La France au plus bas dans le classement Pisa, au bord d’une crise de la dette, en perte d’influence à l’international... Le sentiment de déclin est omniprésent dans la campagne présidentielle : fort chez les électeurs, il est aussi attisé par certains candidats, notamment au Rassemblement national.
Mardi, les résultats de l’enquête internationale Pisa sur les compétences des élèves ont désolé tous les responsables politiques. Mais c’est du président du RN Jordan Bardella que sont venus les mots les plus forts : « C’est un séisme pour notre pays, qui dérive vers le déclin intellectuel », a-t-il cinglé.
Un mot qu’il emploie souvent, tout comme la candidate du parti Marine Le Pen qui a estimé lors d’une interview en juillet que « le déclin » de la France n’était « pas une fatalité », mais « la conséquence de choix politiques ».
« Le déclin c’est quand on n’est plus capables de maîtriser ses frontières, c’est quand les enfants ne savent plus lire, écrire, nager, c’est quand on n’arrive plus à soigner », a-t-elle énuméré.
Cette vision du pays trouve écho chez nombre d’électeurs.

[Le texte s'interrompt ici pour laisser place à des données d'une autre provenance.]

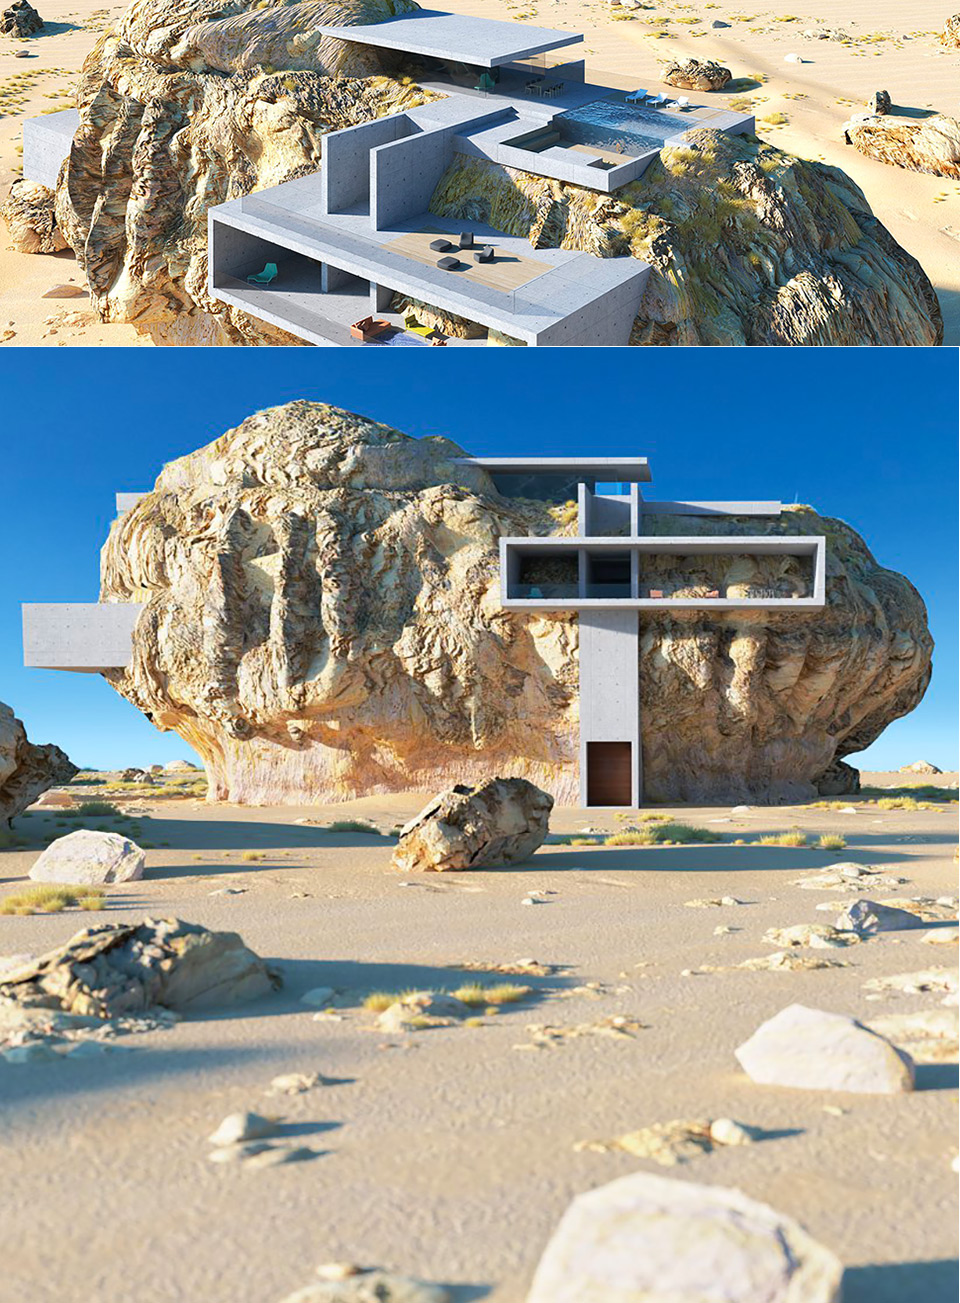 House Inside a Rock

85% des Français estiment que la France est en déclin, selon une enquête réalisée fin août par Ipsos-BVA-CESI École d’Ingénieurs, pour le Laboratoire de la République.
Un niveau en hausse depuis 2017, même s’il était aussi élevé en 2014. Les électeurs du Rassemblement national sont ceux qui pensent le plus que ce déclin est irréversible.
Ce sentiment « imbibe les mentalités depuis longtemps », avec des répercussions « majeures » pour la présidentielle, estime Brice Teinturier, directeur délégué d’Ipsos-BVA. « C’est un marqueur du populisme. Le populisme gagne du terrain quand les gens ont le sentiment qu’on est en déclin et que la responsabilité en incombe aux élites, aux gouvernants passés. »
Nourrie par un sentiment d’impuissance politique liée à l’absence de majorité, l’idée de déclin est aussi alimentée par chaque actualité : les canicules de l’été que l’exécutif a été accusé d’avoir mal anticipées, ou l’affaire Lyhanna ayant révélé de graves dysfonctionnements de la Justice.
Depuis la rentrée, la préparation du budget pour 2027 remet la question de la dette au centre des débats, de nombreux responsables alertant sur les nécessaires économies et la situation très délicate de la France, dépeinte sans marge de manœuvre.
Conséquence de ce « déclinisme ambiant » : les électeurs sont tentés par la « rupture » proposée par des candidats comme Marine Le Pen ou Jean-Luc Mélenchon, explique Brice Teinturier.
Dans les sondages, la première est largement en tête, le deuxième est le favori à gauche.
"Déclassement »
Pour La France insoumise, « les services publics ne fonctionnent plus, la pauvreté a explosé, l’industrie est détruite et la voix de la France ne compte plus dans le monde... », décrit auprès de l’AFP son coordinateur national Manuel Bompard. « La nécessité de reconstruire la France face au chaos généralisé sera au cœur de notre campagne », promet-il.
Pour les autres candidats, la conséquence de cette vision d’une France en déclin, selon Brice Teinturier, est qu’ils « seront obligés d’avoir a minima des mesures radicales, pour montrer qu’ils sont sensibles à la situation du pays, sinon ils ne seront pas entendus ».
Un facteur pris en compte par exemple par le candidat des Républicains Bruno Retailleau, selon lui, ou encore par Gabriel Attal.
Lors de sa déclaration de candidature en mai, l’ex-Premier ministre Renaissance a dit vouloir « renouer avec un optimisme ». « Parce que moi, je n’en peux plus de cette politique française où c’est 50 nuances de gestion du déclin ».
Quelques jours plus tard, pour son premier meeting, il a désigné ses « adversaires » : « Les apôtres du déclin, les artisans de la nostalgie », à savoir « La France insoumise et le Rassemblement national ».
Une volonté d’insuffler de l’optimisme qui peut rappeler celle d’Emmanuel Macron en 2017, le chef de l’État ayant lui-même fustigé en juin, lors de la panthéonisation du résistant Marc Bloch, « l’esprit de défaite, sans cesse entretenu par ceux qui se proclament plus français que vous ».
Mardi, lors de la conclusion des journées parlementaires du MoDem, l’ex-ministre Marc Fesneau a lui aussi voulu repousser ce narratif.
« Je ne me résous pas ni à l’esprit de déclinisme ambiant qui vient nourrir simplement les extrêmes, ni à l’esprit de défaite qui dirait que seuls les populistes pourraient résoudre » nos problèmes, a-t-il déclaré.
« Il n’y a aucune fatalité », a réagi au classement Pisa le patron du PS Olivier Faure, appelant à « agir » face aux mauvais résultats des élèves.